🤖 AI Summary
Balancing privacy preservation and model accuracy remains challenging in mobile network promotional content detection. Method: This paper proposes a three-tier collaborative defense framework: (1) a fine-grained semantic modeling layer based on Transformer architectures (BERT/GPT-2); (2) an adversarial training layer to enhance robustness; and (3) a novel syntax-level differential privacy mechanism integrating multilingual back-translation, character-level noise injection, and entity anonymization—perturbing both inputs and label distributions at the syntactic level. The decoupled architecture enables lightweight deployment on mobile devices while supporting controllable privacy–utility trade-offs. Results: The baseline achieves F1 scores of 0.89–0.90; with full three-tier protection, F1 drops moderately to 0.83, yet privacy leakage is significantly reduced and practical detection accuracy is retained—demonstrating the feasibility of simultaneously achieving strong privacy guarantees and high detection performance.
📝 Abstract
The proliferation of propaganda on mobile platforms raises critical concerns around detection accuracy and user privacy. To address this, we propose TRIDENT - a three-tier propaganda detection model implementing transformers, adversarial learning, and differential privacy which integrates syntactic obfuscation and label perturbation to mitigate privacy leakage while maintaining propaganda detection accuracy.
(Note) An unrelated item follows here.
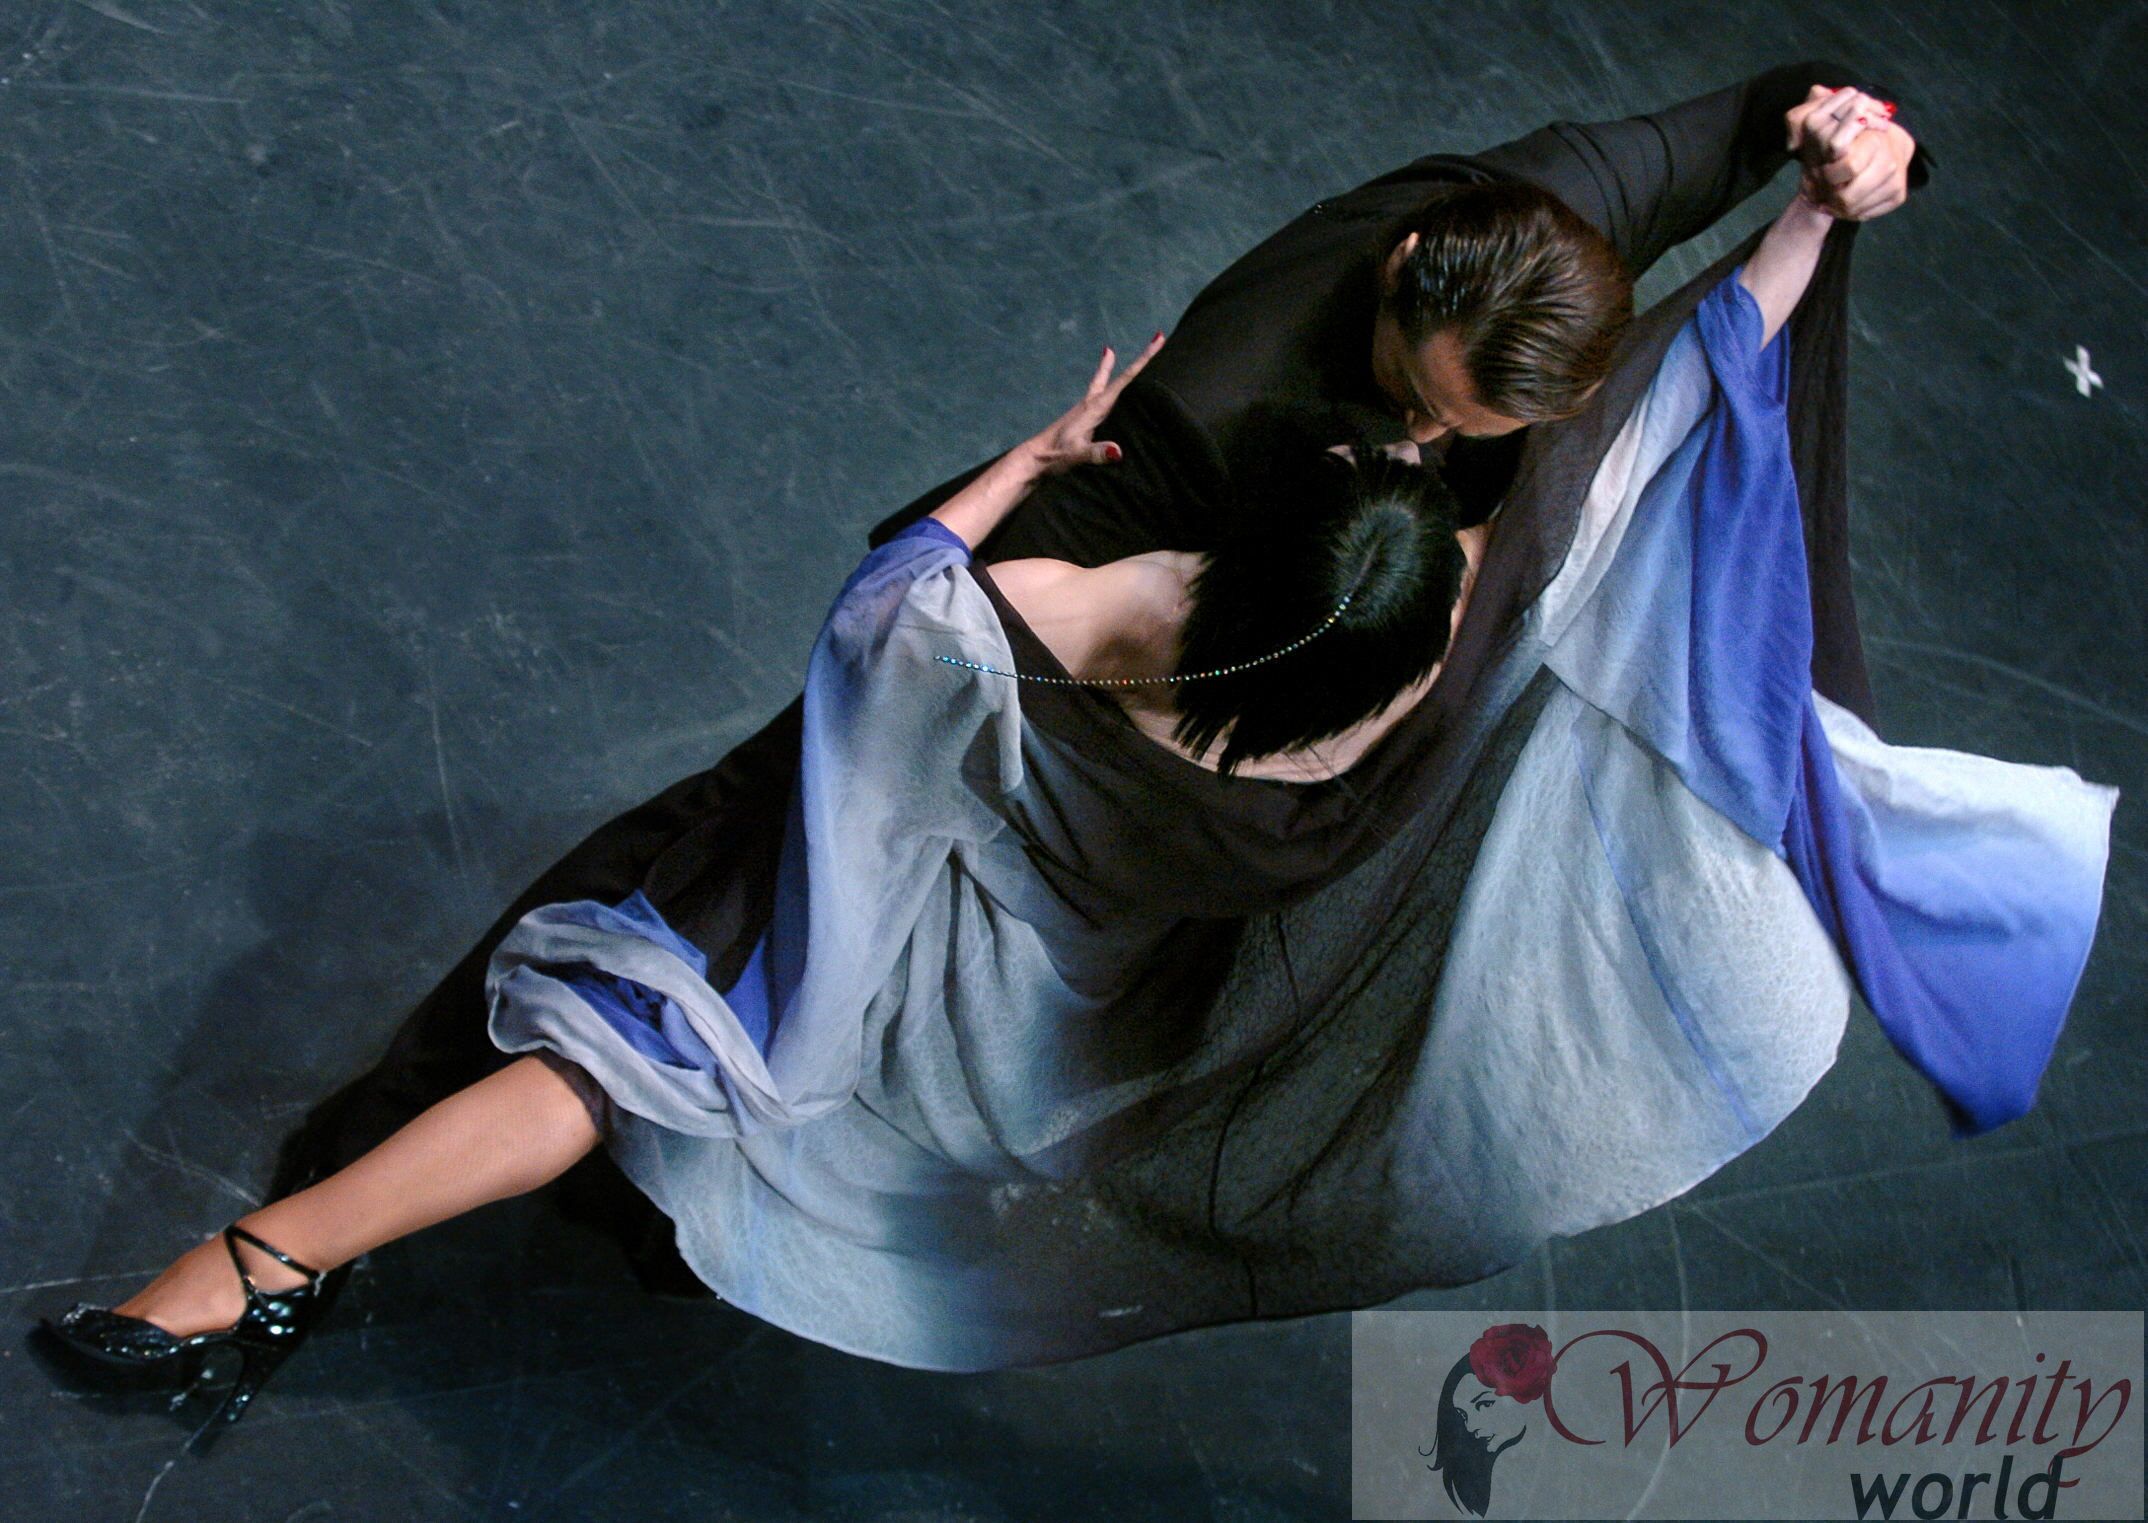 Tanzen verbessert die körperliche, geistige und emotionale Gesundheit.

TRIDENT leverages multilingual back-translation to introduce semantic variance, character-level noise, and entity obfuscation for differential privacy enforcement, and combines these techniques into a unified defense mechanism. Using a binary propaganda classification dataset, baseline transformer models (BERT, GPT-2) we achieved F1 scores of 0.89 and 0.90. Applying TRIDENT's third-tier defense yields a reduced but effective cumulative F1 of 0.83, demonstrating strong privacy protection across mobile ML deployments with minimal degradation.